Fig. 1. Highly-filled composite material: The particle of silicon dioxide is coated with a covering 3 to 5 µm deep of two-component binder of novolac phenol-formaldehyde resin and polyisocyanate, cured with the tertiary amine.

As the linear elastic deformation model is characterized by the temperature dependence of changes in the modulus of plasticity, in order to define it experimentally, a cold hardening mixture core with diameter d = 5 mm, and depth h = 10 mm was used. Then the composite core was flash heated in a programmed muffle furnace produced by Nabertherm Gmbh, simulating its heating during the contact of melted metal with the mold box, and then destroyed in an INSTRON 5882 testing machine. The acceptable period of installation of the core heated in the furnace in the INSTRON equipment is defined on the diagrams as T* = f(t) (Fig. 2), where T* is the core arithmetic mean temperature at ten points of its axial section; and t is the duration of the core thermal effect The diagrams were plotted using the thermal problem data in ANSYS [17, 18]. A computer model included the areas of core heating in the furnace and in the melted metal. The temperature of the melted Hadfield steel was 1,450 0С, and the temperature in the furnace varied between 1,300, 1,350, 1,400, 1,450, and 1,500 0С. The calculations of the air-cooling of the core at room temperature were carried out individually.

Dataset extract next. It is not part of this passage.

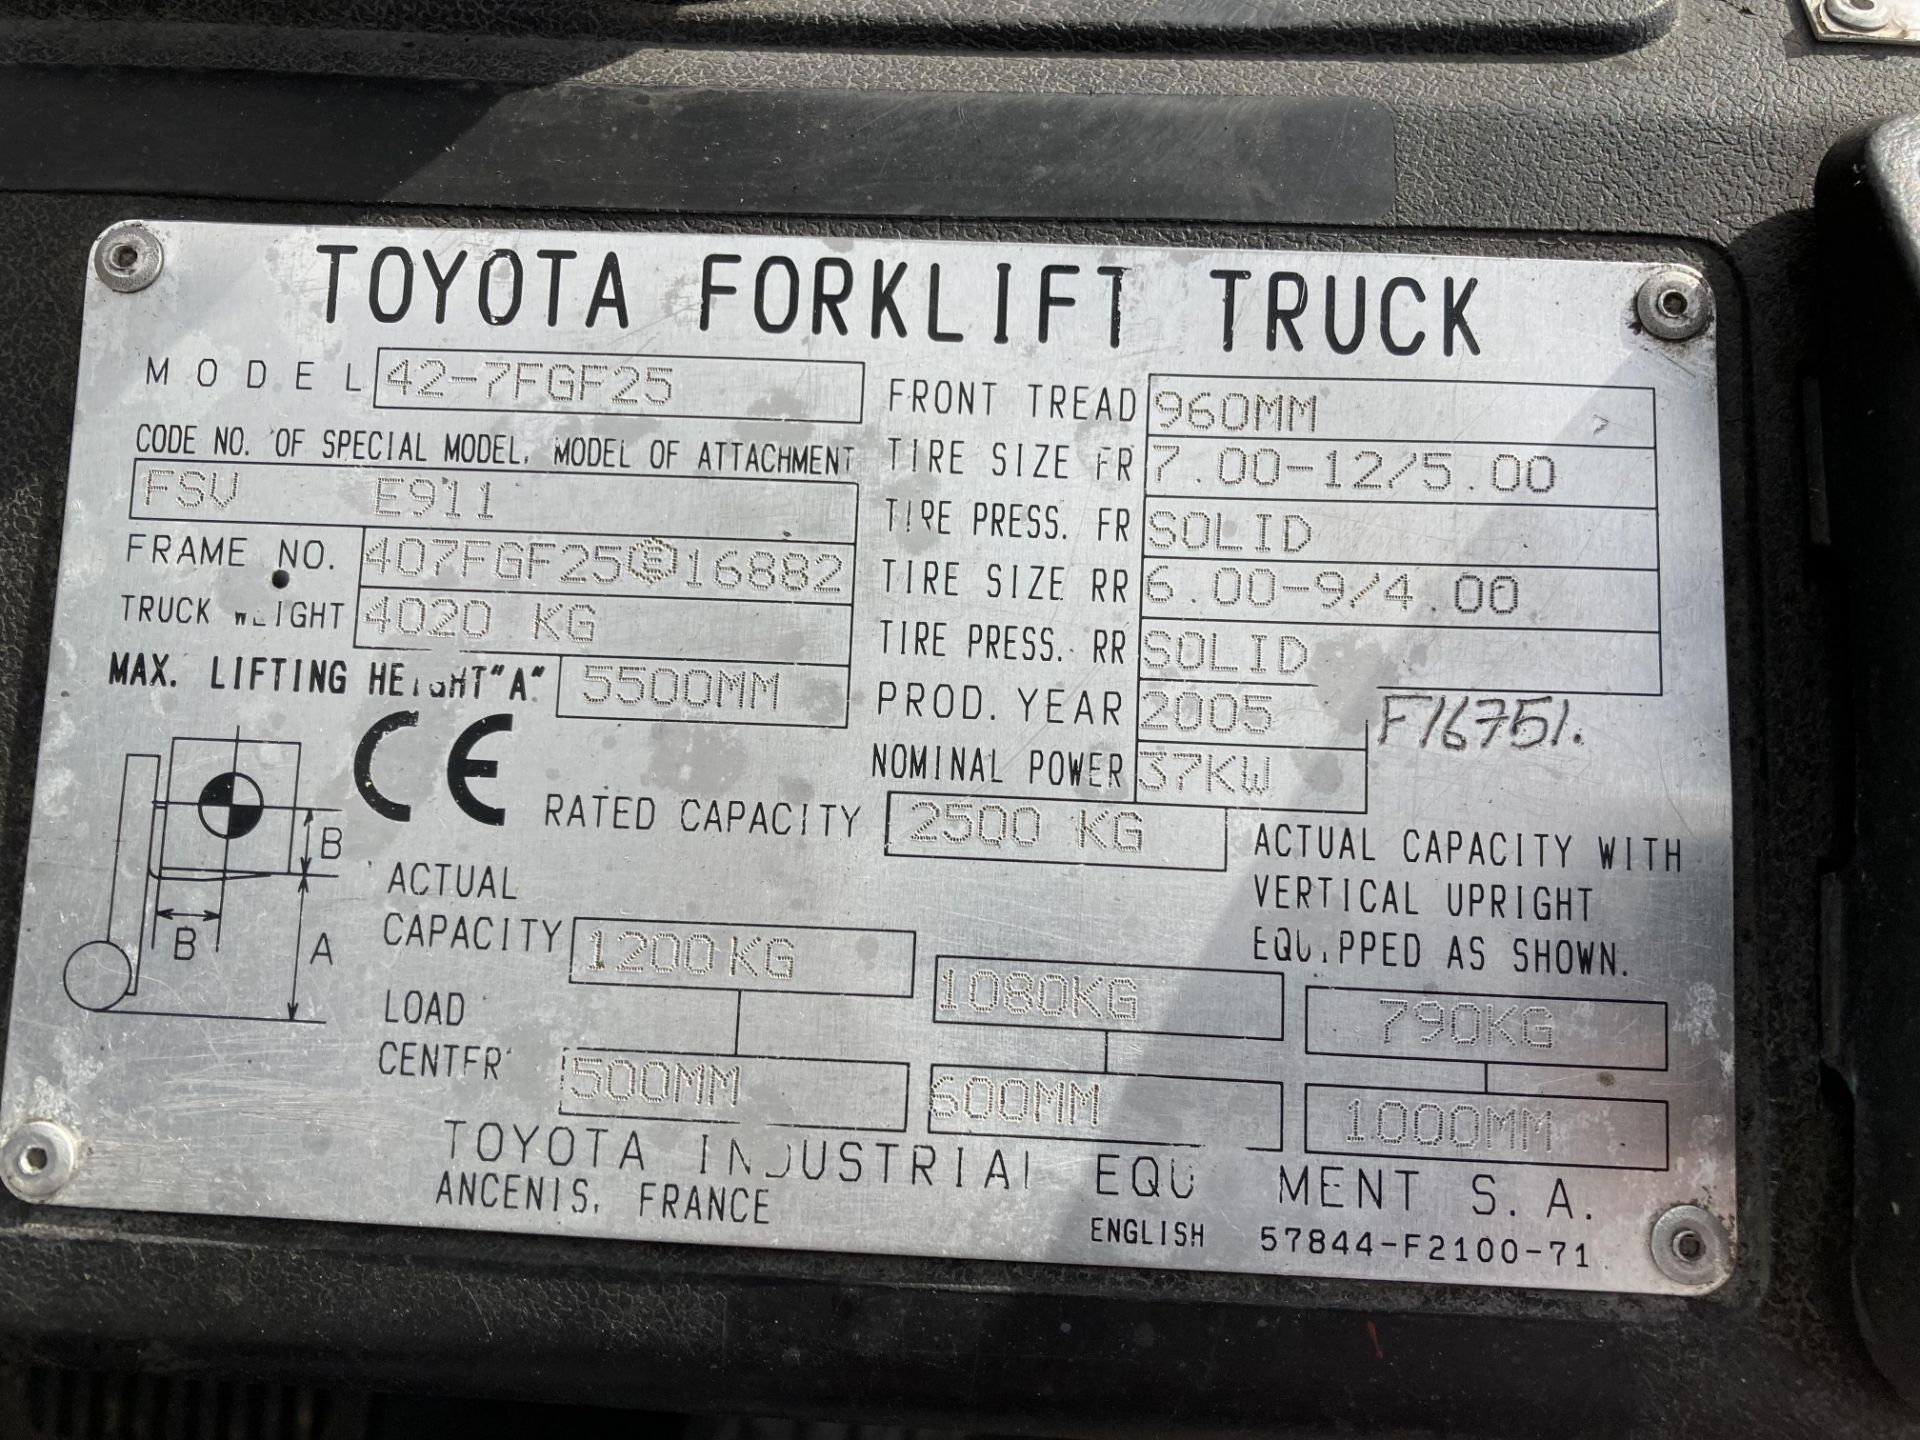 TOYOTA 2.5 tonne gas forklift truck - model no: 42-7FGF25 - orange/black. - Image 4 of 4

Fig. 2. Characteristic curves of average temperature changes of highly-filled composite during flash heating: 1 – Furnace heating at 1,500 0С and air-cooling at 20 0С; 2 – furnace heating at 1,450 0С and air-cooling at 20 0С; 3 – furnace heating at 1,400 0С and air-cooling at 20 0С; 4 – furnace heating at 1,350 0С and air-cooling at 20 0С; 5 – furnace heating at 1,300 0С and air-cooling at 20 0С; 6 – Heating in Hadfield steel at 1,450 0С.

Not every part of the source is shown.